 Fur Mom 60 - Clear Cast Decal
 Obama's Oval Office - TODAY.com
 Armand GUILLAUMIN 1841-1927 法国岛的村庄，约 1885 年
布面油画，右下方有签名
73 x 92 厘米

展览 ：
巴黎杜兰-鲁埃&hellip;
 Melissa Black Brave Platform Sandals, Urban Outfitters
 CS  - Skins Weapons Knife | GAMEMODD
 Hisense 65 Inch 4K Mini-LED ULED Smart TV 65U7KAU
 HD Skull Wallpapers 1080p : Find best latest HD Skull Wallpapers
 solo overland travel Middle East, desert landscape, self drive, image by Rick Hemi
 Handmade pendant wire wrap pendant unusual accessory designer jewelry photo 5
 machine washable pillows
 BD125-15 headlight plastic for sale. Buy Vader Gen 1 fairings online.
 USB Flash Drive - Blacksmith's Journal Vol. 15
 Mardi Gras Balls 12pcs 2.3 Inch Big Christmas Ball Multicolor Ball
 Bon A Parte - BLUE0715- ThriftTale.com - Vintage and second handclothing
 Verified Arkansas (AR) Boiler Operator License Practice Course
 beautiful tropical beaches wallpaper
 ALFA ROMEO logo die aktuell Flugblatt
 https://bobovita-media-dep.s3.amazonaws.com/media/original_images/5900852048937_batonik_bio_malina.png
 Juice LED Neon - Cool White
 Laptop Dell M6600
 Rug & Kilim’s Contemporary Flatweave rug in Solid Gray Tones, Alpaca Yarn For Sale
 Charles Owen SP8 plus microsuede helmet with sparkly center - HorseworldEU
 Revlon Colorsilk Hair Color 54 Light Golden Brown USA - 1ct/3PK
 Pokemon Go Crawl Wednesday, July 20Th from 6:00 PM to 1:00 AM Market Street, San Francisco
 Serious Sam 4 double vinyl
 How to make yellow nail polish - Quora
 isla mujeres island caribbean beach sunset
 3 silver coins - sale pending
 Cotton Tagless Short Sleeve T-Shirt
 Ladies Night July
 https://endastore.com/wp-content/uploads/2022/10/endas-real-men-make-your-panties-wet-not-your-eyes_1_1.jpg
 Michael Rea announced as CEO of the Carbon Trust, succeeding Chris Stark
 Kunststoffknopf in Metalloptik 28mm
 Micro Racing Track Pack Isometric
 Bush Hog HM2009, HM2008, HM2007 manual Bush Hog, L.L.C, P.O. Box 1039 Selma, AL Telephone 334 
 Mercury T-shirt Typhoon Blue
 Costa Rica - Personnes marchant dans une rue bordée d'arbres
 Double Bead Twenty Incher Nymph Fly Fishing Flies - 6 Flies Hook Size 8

*The task*. From the first line to the last, write out the data exactly.

*Problem solution*.
 Fur Mom 60 - Clear Cast Decal
 Obama's Oval Office - TODAY.com
 Armand GUILLAUMIN 1841-1927 法国岛的村庄，约 1885 年
布面油画，右下方有签名
73 x 92 厘米

展览 ：
巴黎杜兰-鲁埃&hellip;
 Melissa Black Brave Platform Sandals, Urban Outfitters
 CS  - Skins Weapons Knife | GAMEMODD
 Hisense 65 Inch 4K Mini-LED ULED Smart TV 65U7KAU
 HD Skull Wallpapers 1080p : Find best latest HD Skull Wallpapers
 solo overland travel Middle East, desert landscape, self drive, image by Rick Hemi
 Handmade pendant wire wrap pendant unusual accessory designer jewelry photo 5
 machine washable pillows
 BD125-15 headlight plastic for sale. Buy Vader Gen 1 fairings online.
 USB Flash Drive - Blacksmith's Journal Vol. 15
 Mardi Gras Balls 12pcs 2.3 Inch Big Christmas Ball Multicolor Ball
 Bon A Parte - BLUE0715- ThriftTale.com - Vintage and second handclothing
 Verified Arkansas (AR) Boiler Operator License Practice Course
 beautiful tropical beaches wallpaper
 ALFA ROMEO logo die aktuell Flugblatt
 https://bobovita-media-dep.s3.amazonaws.com/media/original_images/5900852048937_batonik_bio_malina.png
 Juice LED Neon - Cool White
 Laptop Dell M6600
 Rug & Kilim’s Contemporary Flatweave rug in Solid Gray Tones, Alpaca Yarn For Sale
 Charles Owen SP8 plus microsuede helmet with sparkly center - HorseworldEU
 Revlon Colorsilk Hair Color 54 Light Golden Brown USA - 1ct/3PK
 Pokemon Go Crawl Wednesday, July 20Th from 6:00 PM to 1:00 AM Market Street, San Francisco
 Serious Sam 4 double vinyl
 How to make yellow nail polish - Quora
 isla mujeres island caribbean beach sunset
 3 silver coins - sale pending
 Cotton Tagless Short Sleeve T-Shirt
 Ladies Night July
 https://endastore.com/wp-content/uploads/2022/10/endas-real-men-make-your-panties-wet-not-your-eyes_1_1.jpg
 Michael Rea announced as CEO of the Carbon Trust, succeeding Chris Stark
 Kunststoffknopf in Metalloptik 28mm
 Micro Racing Track Pack Isometric
 Bush Hog HM2009, HM2008, HM2007 manual Bush Hog, L.L.C, P.O. Box 1039 Selma, AL Telephone 334 
 Mercury T-shirt Typhoon Blue
 Costa Rica - Personnes marchant dans une rue bordée d'arbres
 Double Bead Twenty Incher Nymph Fly Fishing Flies - 6 Flies Hook Size 8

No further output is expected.